-- DATA EXCERPT follows --
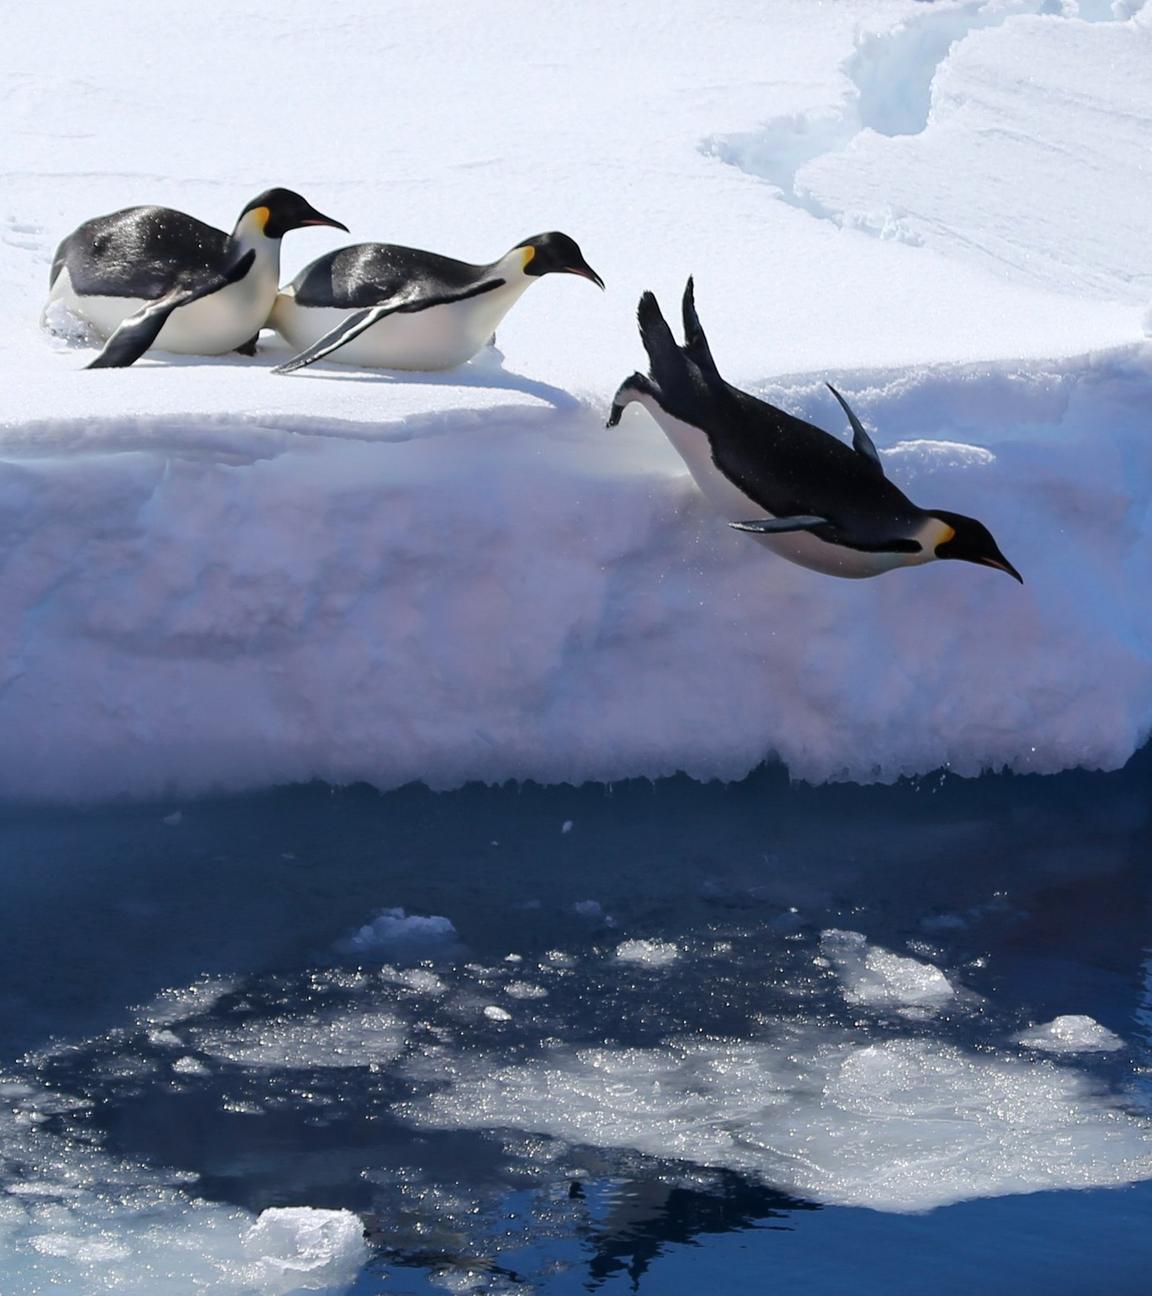 Antarktis, Prydz Bay: Kaiserpinguine springen von einer Eiskante ins Meer.
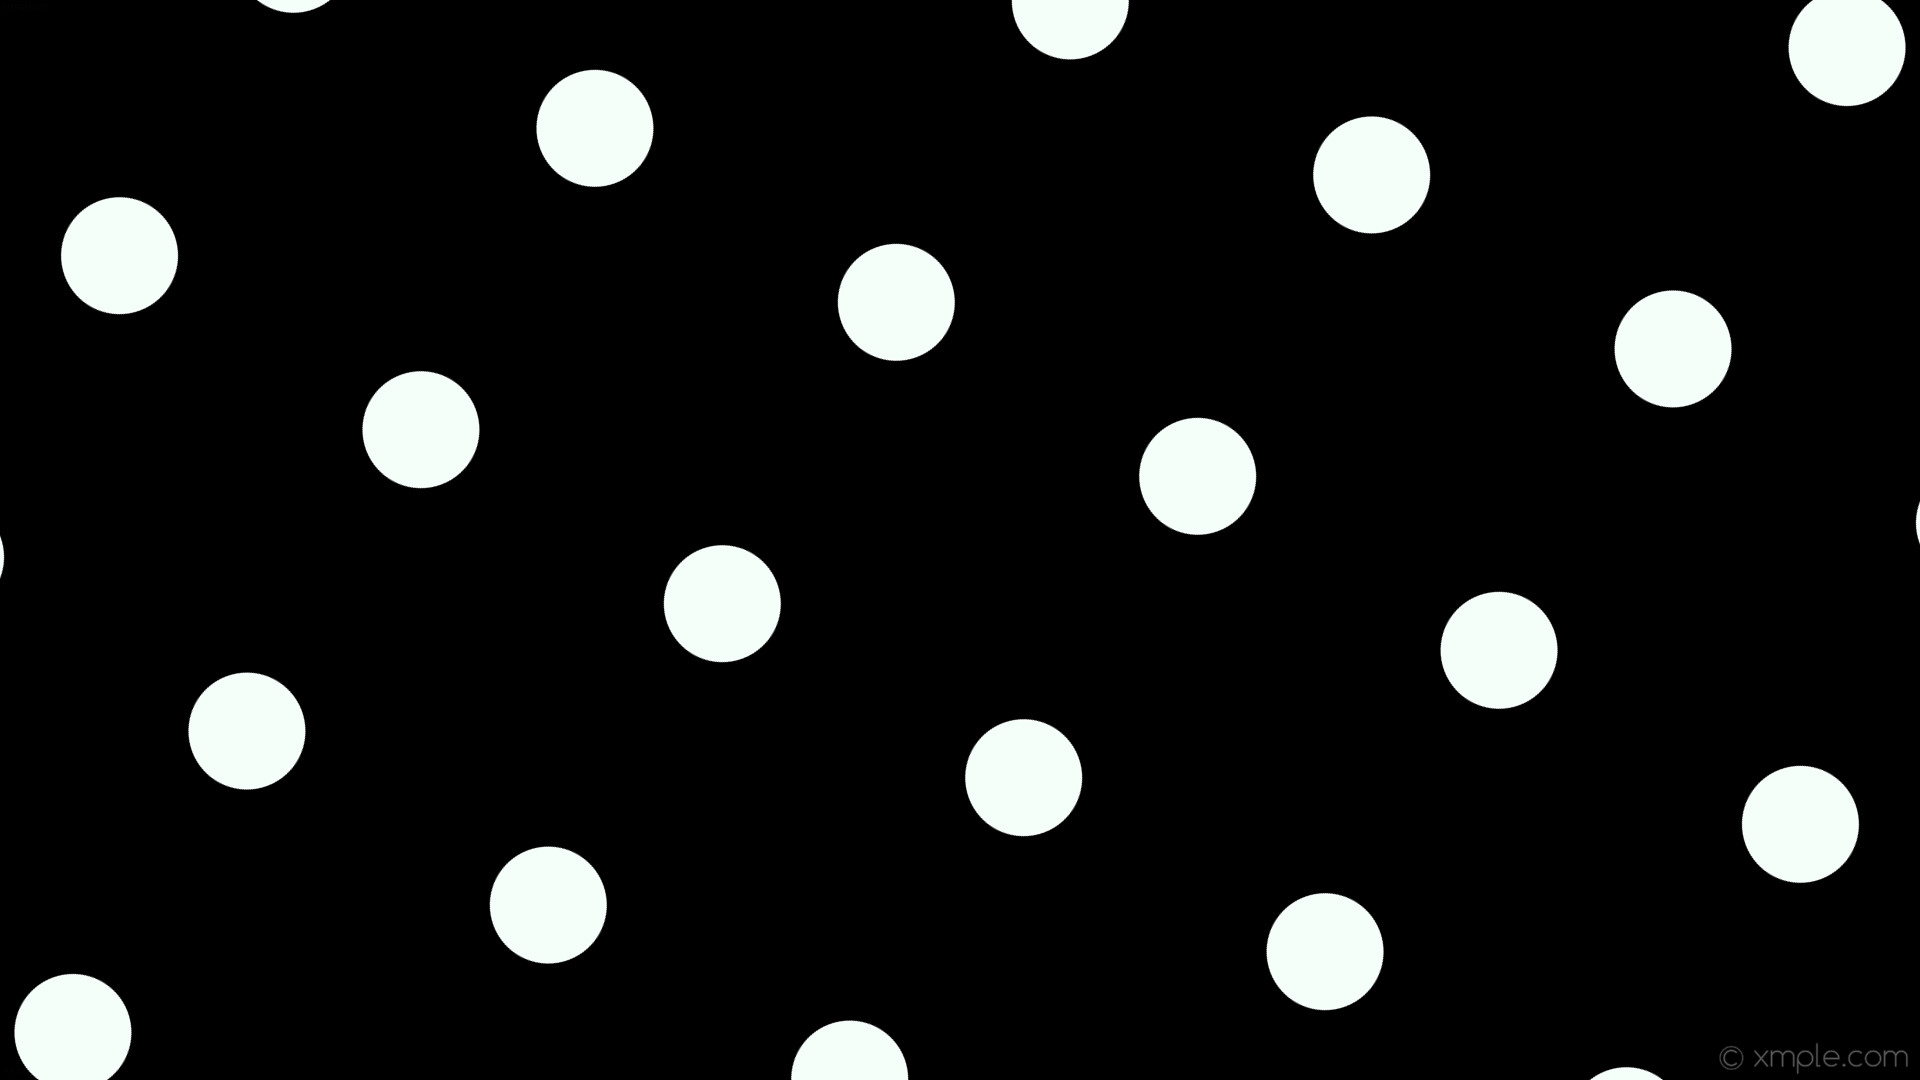 1920x1080 wallpaper spots white dots polka black mint cream #000000 #f5fffa 60Â° 117px  348px
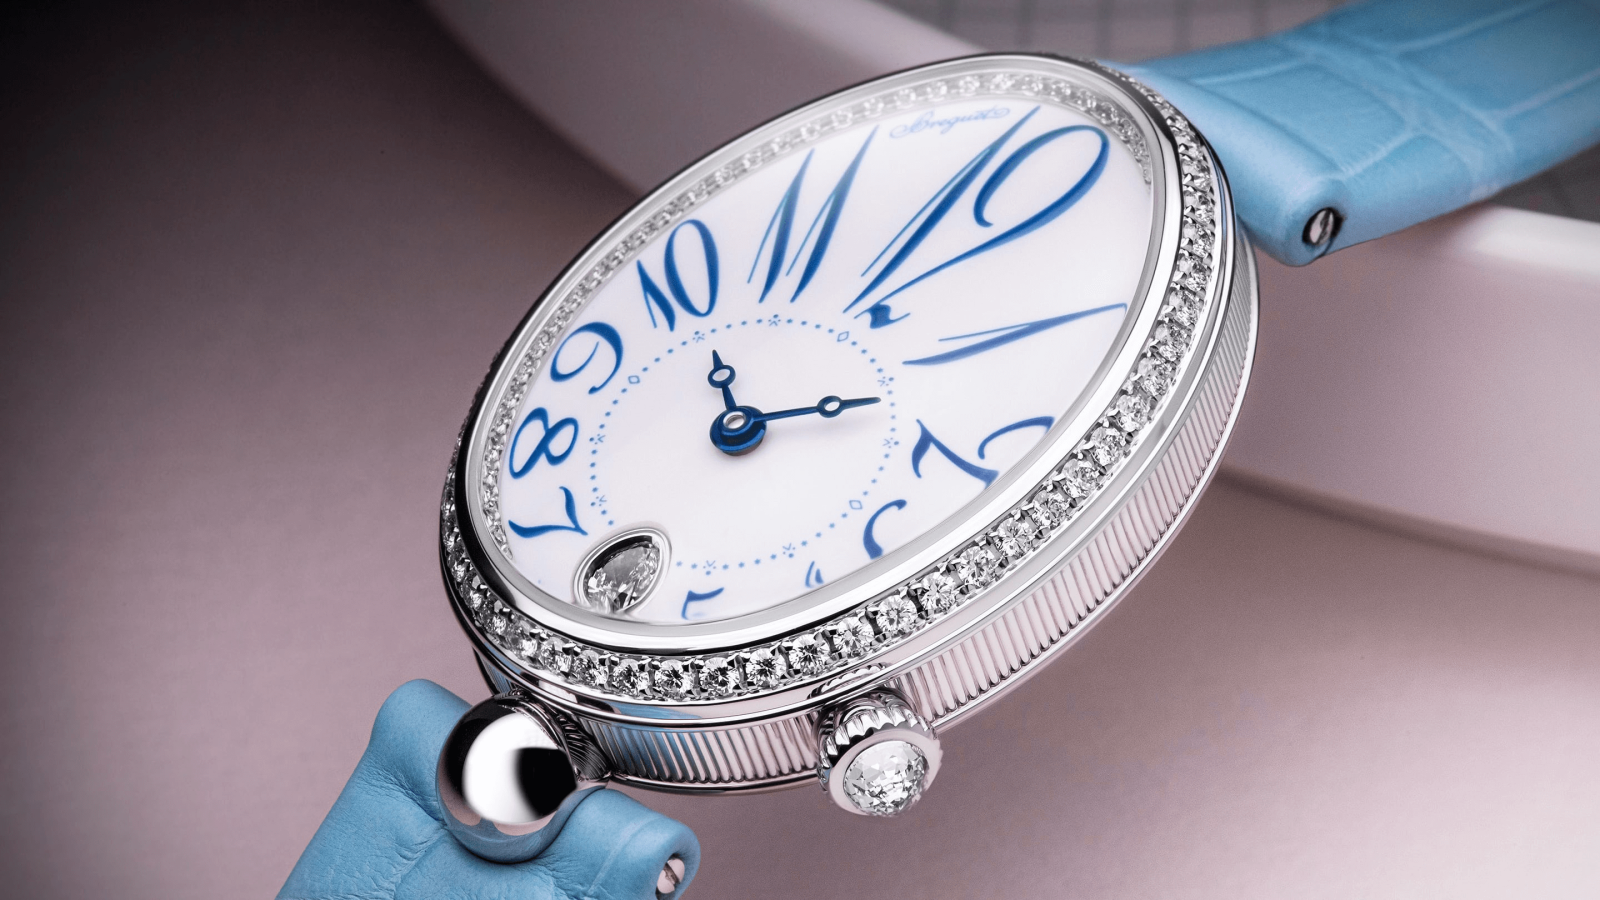 đồng hồ nữ mặt số oval breguet reine de naples 8918 năm 2020
-- DATA EXCERPT concluded --
THE PROBLEM =>
Without the pictures, write out every line above exactly as it appears.

RESPONSE TO THIS TASK =>
 Antarktis, Prydz Bay: Kaiserpinguine springen von einer Eiskante ins Meer.
 1920x1080 wallpaper spots white dots polka black mint cream #000000 #f5fffa 60Â° 117px  348px
 đồng hồ nữ mặt số oval breguet reine de naples 8918 năm 2020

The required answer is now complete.